# finally, it clears the custom..



## crappielooker (Apr 5, 2004)

yeehaaw.. got my bivvy and my new net today.. only took them more than a couple months to get here from the UK.. and only to find out they took my spod..  maybe because it looks like a rocket..  
i'm gonna set it up tomorrow to see how it is..


----------



## TimJC (Apr 6, 2004)

You should come down to fish with Rod and I Saturday morning. Obviously the bivvy would be useless, but I'd like to see it in person.


----------



## crappielooker (Apr 5, 2004)

argh.. i don't see the groundsheet that supposed to be included either.. plus they got me the wrong net.. well, the net i got supposed to be a freebie, its black.. the one i supposed to have gotten is green.. and have finer mesh.. dang, i'm fuming.. i'm going to call them tomorrow and bitch.. 
i'm also gonna send them an email to find out whats up..


----------



## PAYARA (Apr 7, 2004)

Good news Ak,....are you happy with it?I bet you are?


----------



## crappielooker (Apr 5, 2004)

freauck no i'm not happy.. not until i get what i saw on the deal.. i won't be happy until they send my groundsheet, my green berkley net meshing, and my spod..


----------



## DaleM (Apr 5, 2004)

AK hang in there man, get what you paid for even if it takes another month. Call and raise heck buddy.


----------



## crappielooker (Apr 5, 2004)

i'm gonna raise some hell alright.. 
if i could only do a kung fu chop thru the phone..


----------



## PAYARA (Apr 7, 2004)

Ak, sorry man ,...I must have been posting at the same time 
as you,as I didn't see your second post.


----------



## BottomBouncer (Jan 20, 2005)

LMAO........at kung fu chop........that's hilarious


----------



## Miso_Ohio (Apr 6, 2004)

"And Crappielooker was Kung Fu Fightiiiiiiing"

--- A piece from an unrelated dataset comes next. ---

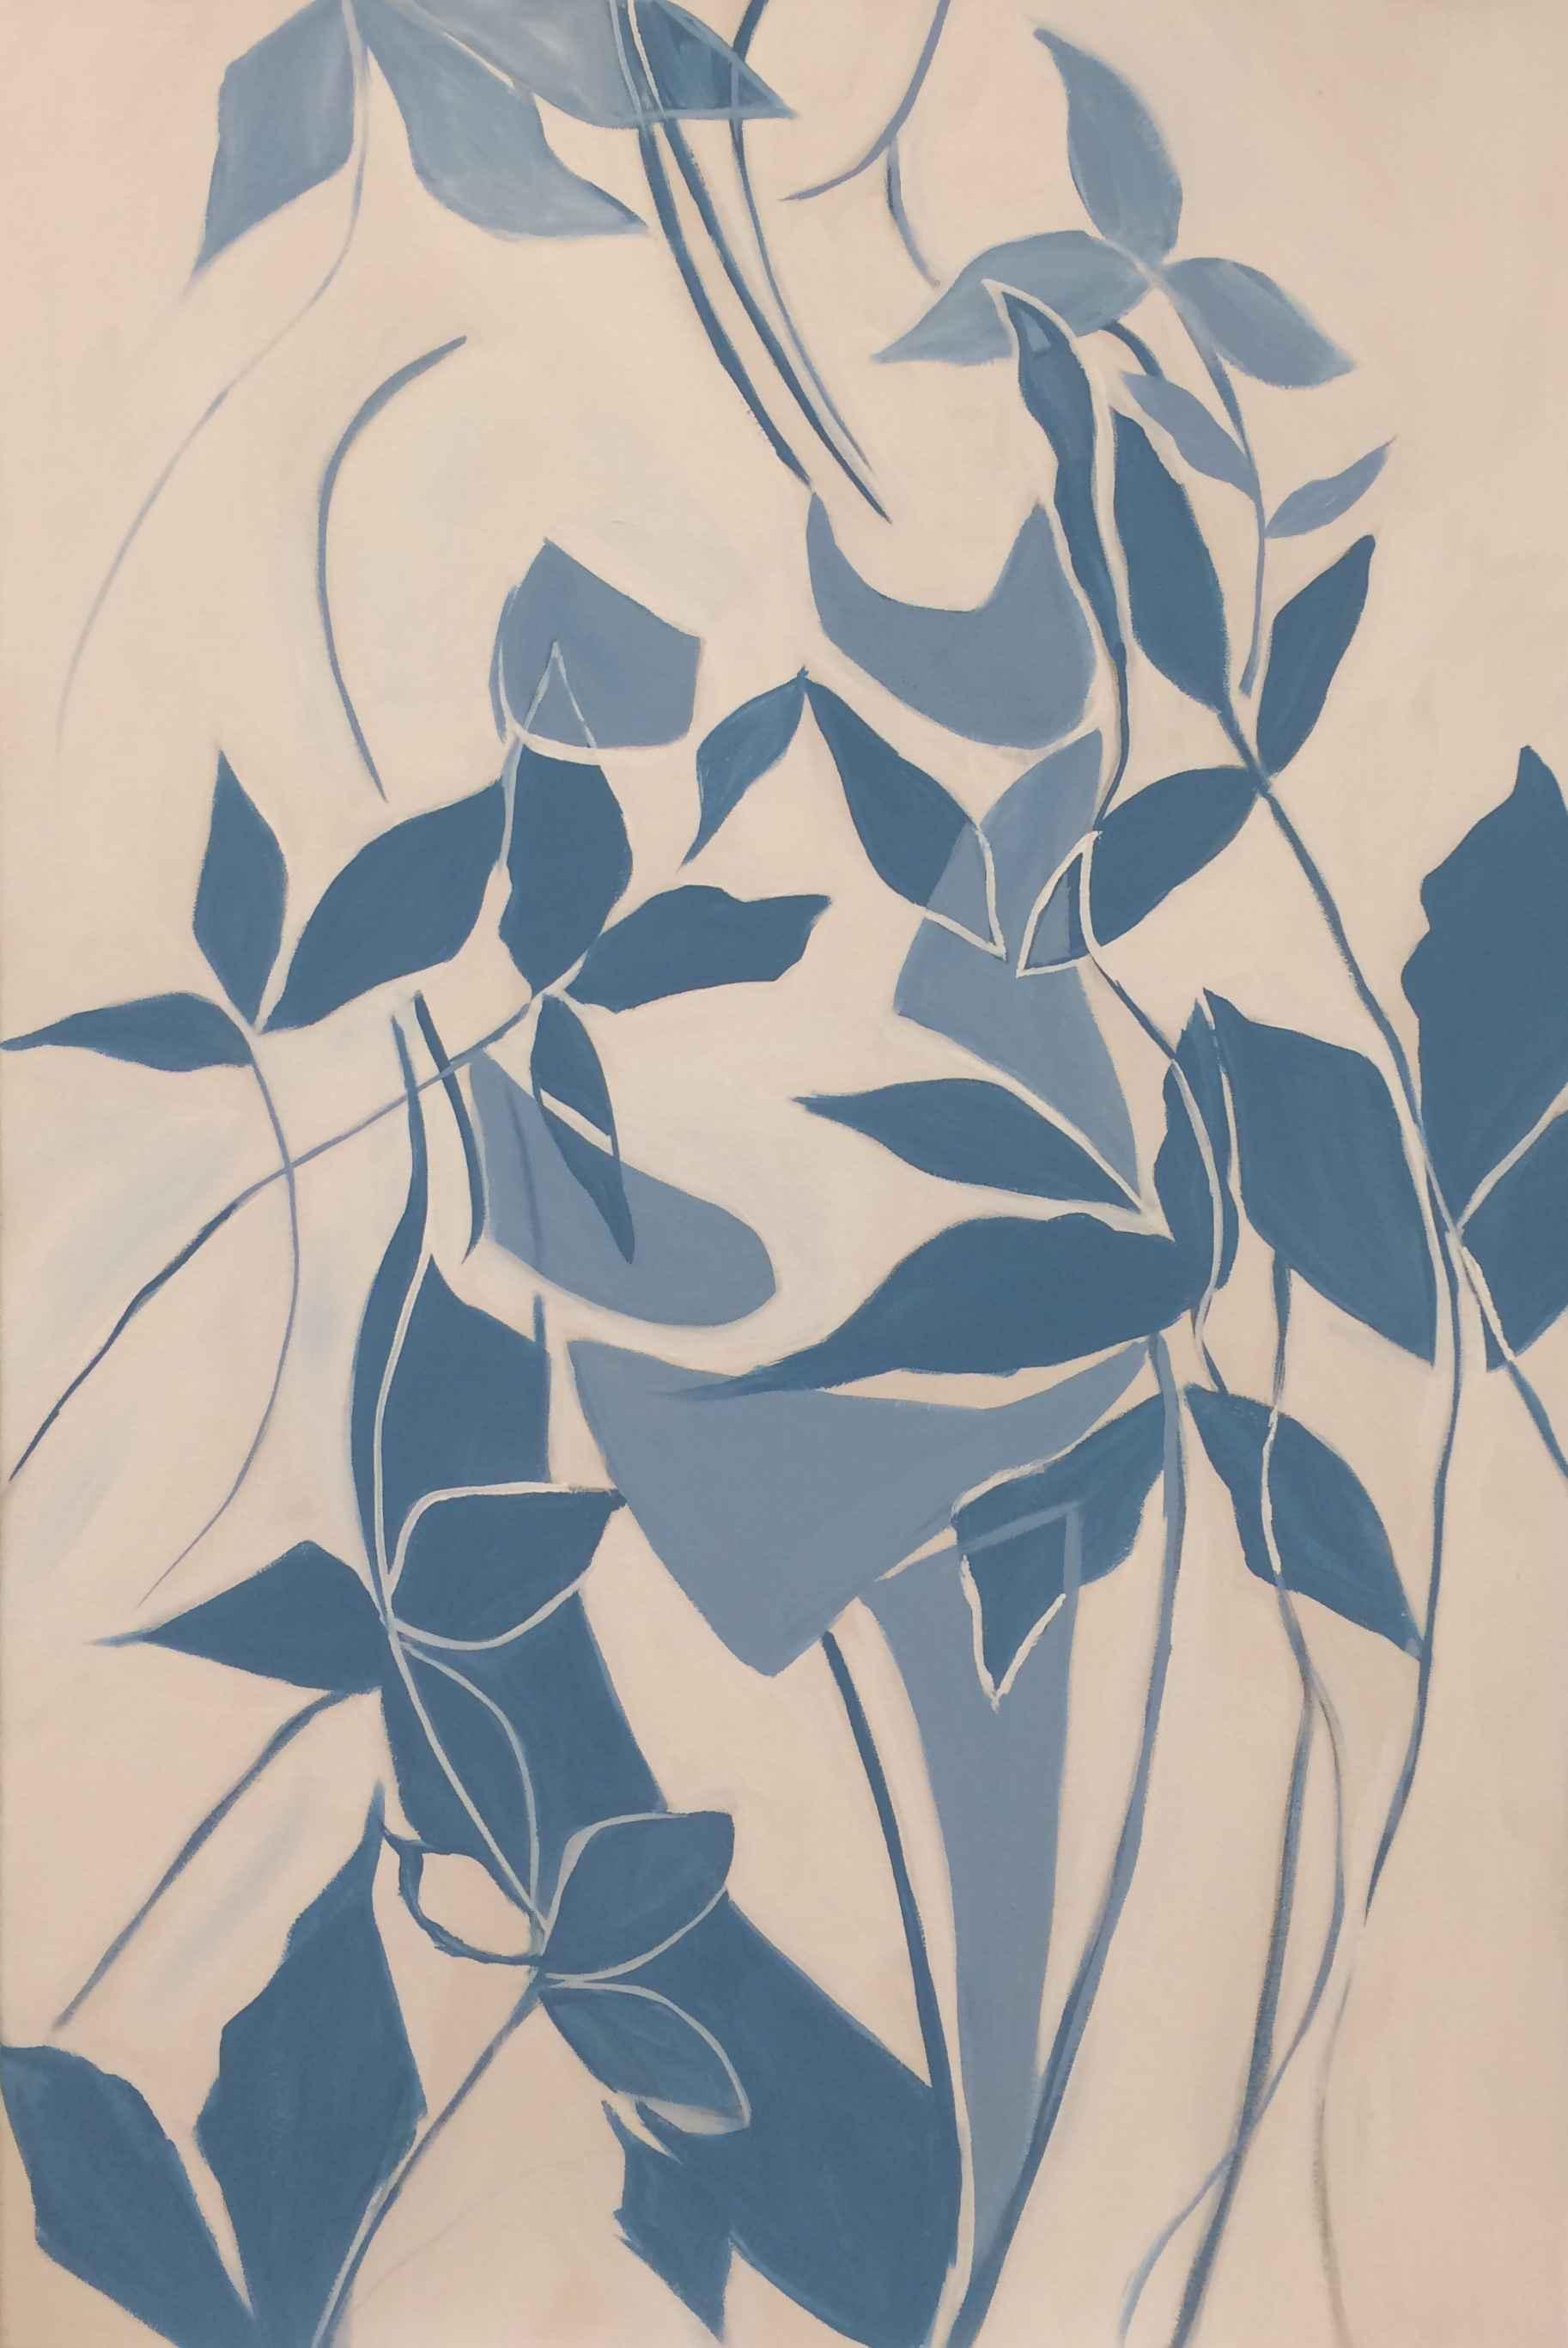 Woman in Blue by  Steve Lyons - Masterpiece Online

That is funny, good luck getting your stuff, dang customs probably thought the spod was a rocket or something and destroyed it. I mean you do fit the terrorist profile Ak, using carp fishing as a guise to check out top secret government facility's lke children's science musuems and sewage treatment plants.

At least you got the Brolly, yesterday was a good day for both of us I guess. You got your shipment from England and I got my new carping vehicle.

What kind of Brolly is it if you don't mind me asking?


----------



## cypry (Jun 14, 2004)

Sorry Ak , i had my friends in England have that other stuff sent to me  

Hope you don't mind.

by the way , the spod works great.


----------



## kmb411 (Feb 24, 2005)

Customs??? If ya an't buy it at Wally World, ya don't need it!!!

Just wear that crazy hat when you call them, it will scare the stuff right out of them.
BTW "Kung Fu Fighting"- YOU KILL ME


----------



## Reel Thing (Apr 5, 2004)

AK 
I've got a office over in the UK if I can help let me know I'll be going back over in April or May if there is anything I can do to help let me know
Geowol


----------



## crappielooker (Apr 5, 2004)

geowol.. maan.. thanks a bunch.. i'll let ya know for sure..  thanks again..
i tried to call them this AM and got hung up the first time.. second time i called, he tried to say he can't hear me over the lines.. but he had no problems answering my first questions.. which is "are u the owner of the store??" then i told him i called from the US.. and crap starts to happen..he kept sayin he couldnt hear me, but the first question was answer clear as a bell...
other than that, i took the bivvy out for her first night on the bank.. i'll have to say i'm well pleased with the purchase.. now if i can only get the rest of my stuff here, i'll be set..


----------



## crappielooker (Apr 5, 2004)

i'm glad to say things are looking better..
the guy agree that he messed up the order and are going to send me the right net meshing.. and promised me the groundsheet as well.. i lost the spod for sure now.. so greg, i know u got plenty of them.. sell me one..  
took a lot of emails and hang up phonecalls to get this far...


----------